Allié des japonais, mais non officiellement en guerre avec les Etats-Unis – l’ambassadeur thaïlandais à Washington refusa de remettre la déclaration de guerre ! –, la Thaïlande, de connivence avec l’occupant japonais, administre brièvement à nouveau plusieurs sultanats du nord de la Malaisie. Des maquis antijaponais apparaissent dans le sud. A cause de ces maquis, les populations locales se mettent à rêver d’indépendance ou de rattachement à la Fédération de Malaisie. Espoir déçu. Contre, semble-t-il, l’avis des Britanniques, les Etats-Unis, grands vainqueurs de la guerre, en décident autrement. L’ancien sultanat de Pattani continue à faire partie de la Thaïlande : l’accord anglo-thaï de 1946 officialisera cette décision. Les musulmans se replient sur leurs valeurs traditionnelles et la religion.
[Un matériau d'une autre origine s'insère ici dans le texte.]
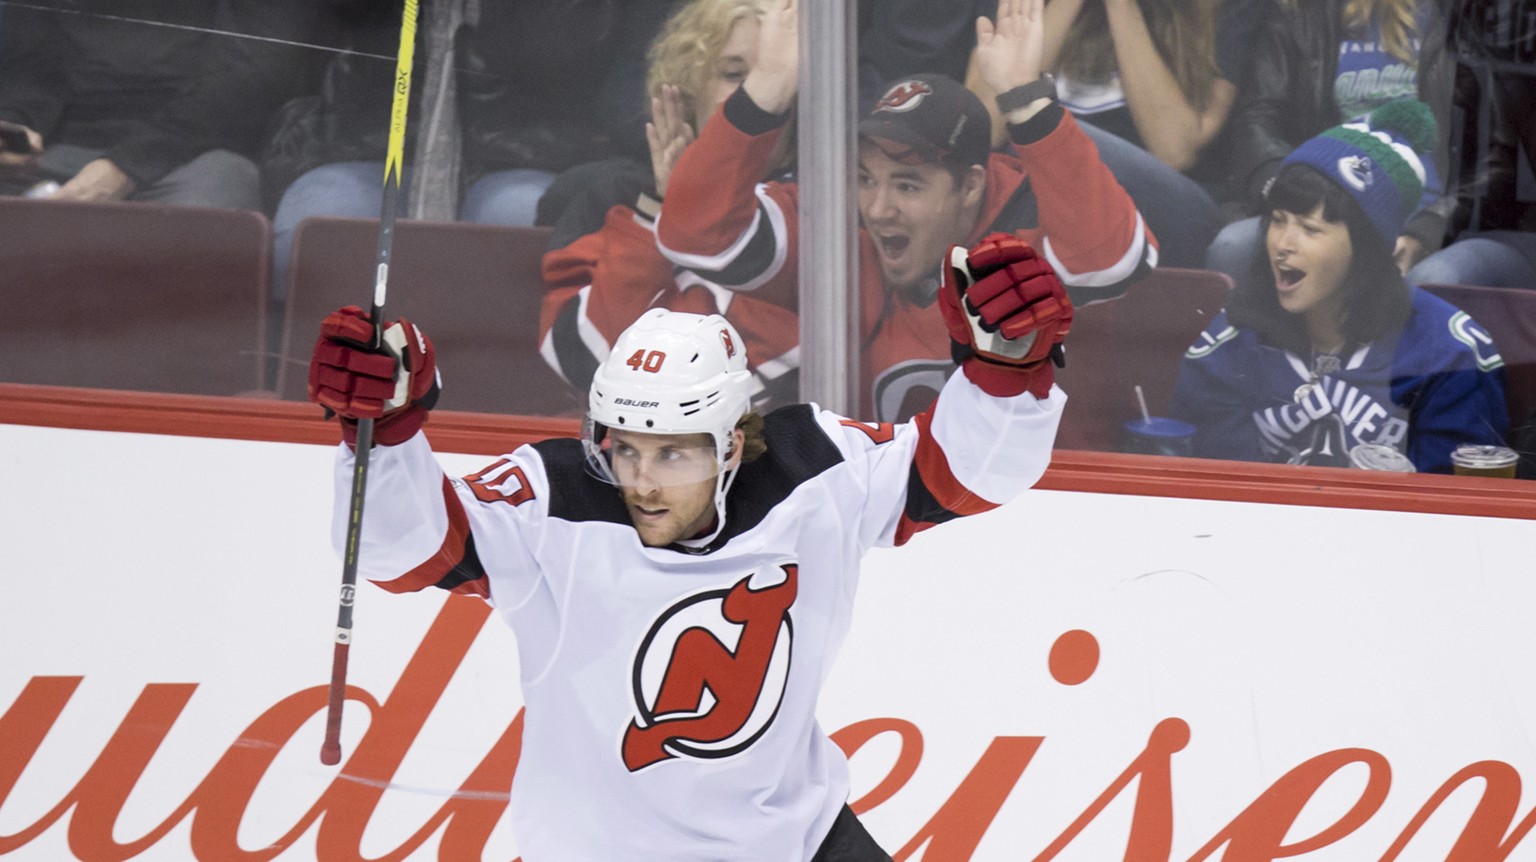 New Jersey Devils&#039; Blake Coleman celebrates a goal by Jimmy Hayes against the Vancouver Canucks during the second period of an NHL hockey game in Vancouver, British Columbia, Wednesday, Nov. 1, 2 ...

1947 – Une occasion manquée : les sept demandes formulées par Haji Sulong
A la fin de la guerre, le Premier ministre Phibunsongkhram est remplacé par Pridi Banomyong, un des mentors du coup d’Etat de1932 qui mit fin à la monarchie absolue. Il fut régent entre 1942 et 1946 et antijaponais. Il était préoccupé par la possibilité de voir les provinces du Sud être de nouveau réunies à la Malaisie. Quant à Haji Sulong, respecté dirigeant musulman du Sud, il entretenait de bonnes relations avec Pridi.
En résumé, celui-ci, en échange de la loyauté des musulmans du Sud envers la nation et l’Etat thaïlandais, aurait été prêt à envisager la création d’une région autonome dans les provinces frontalières. Une pétition fut présentée par Haji Sulong en 1947. Selon Thanet Aphornsuwan, « les demandes étaient le résultat de négociations entre les deux parties : le représentant du gouvernement thaïlandais et les leaders musulmans de Pattani. Le document, par conséquent, était fondé sur un accord préliminaire et remis au gouvernement central pour examen » (Policies of the Thaï State towards the Malay Muslim South, de Arnaud Dubus et Sor Rattanamanee Polkla, Irasec, Bangkok, p. 17)
Bien qu’ancien, et sans doute, par certains aspects, à revoir, ce document est intéressant car il formule des demandes que les négociations actuellement en cours ne sauraient ignorer :
– la nomination d’un gouverneur, natif de la région, avec pleins pouvoirs sur les fonctionnaires de ces provinces ;
– que 80 % des fonctionnaires soient des musulmans ;
– que la langue yawi, dialecte malais local, soit reconnue comme langue officielle à côté du thaïlandais.
– que l’enseignement du primaire soit donné en malais ;
– que la loi musulmane soit reconnue et appliquée par des tribunaux islamiques distincts des tribunaux civils thaïs où un juge musulman siège en tant qu’assistant ;
– que les impôts collectés dans ces provinces soient utilisés sur place ;
– l’établissement d’un Bureau des Affaires musulmanes, avec pleins pouvoirs, sous l’autorité du gouverneur élu. (Dubus, p. 16)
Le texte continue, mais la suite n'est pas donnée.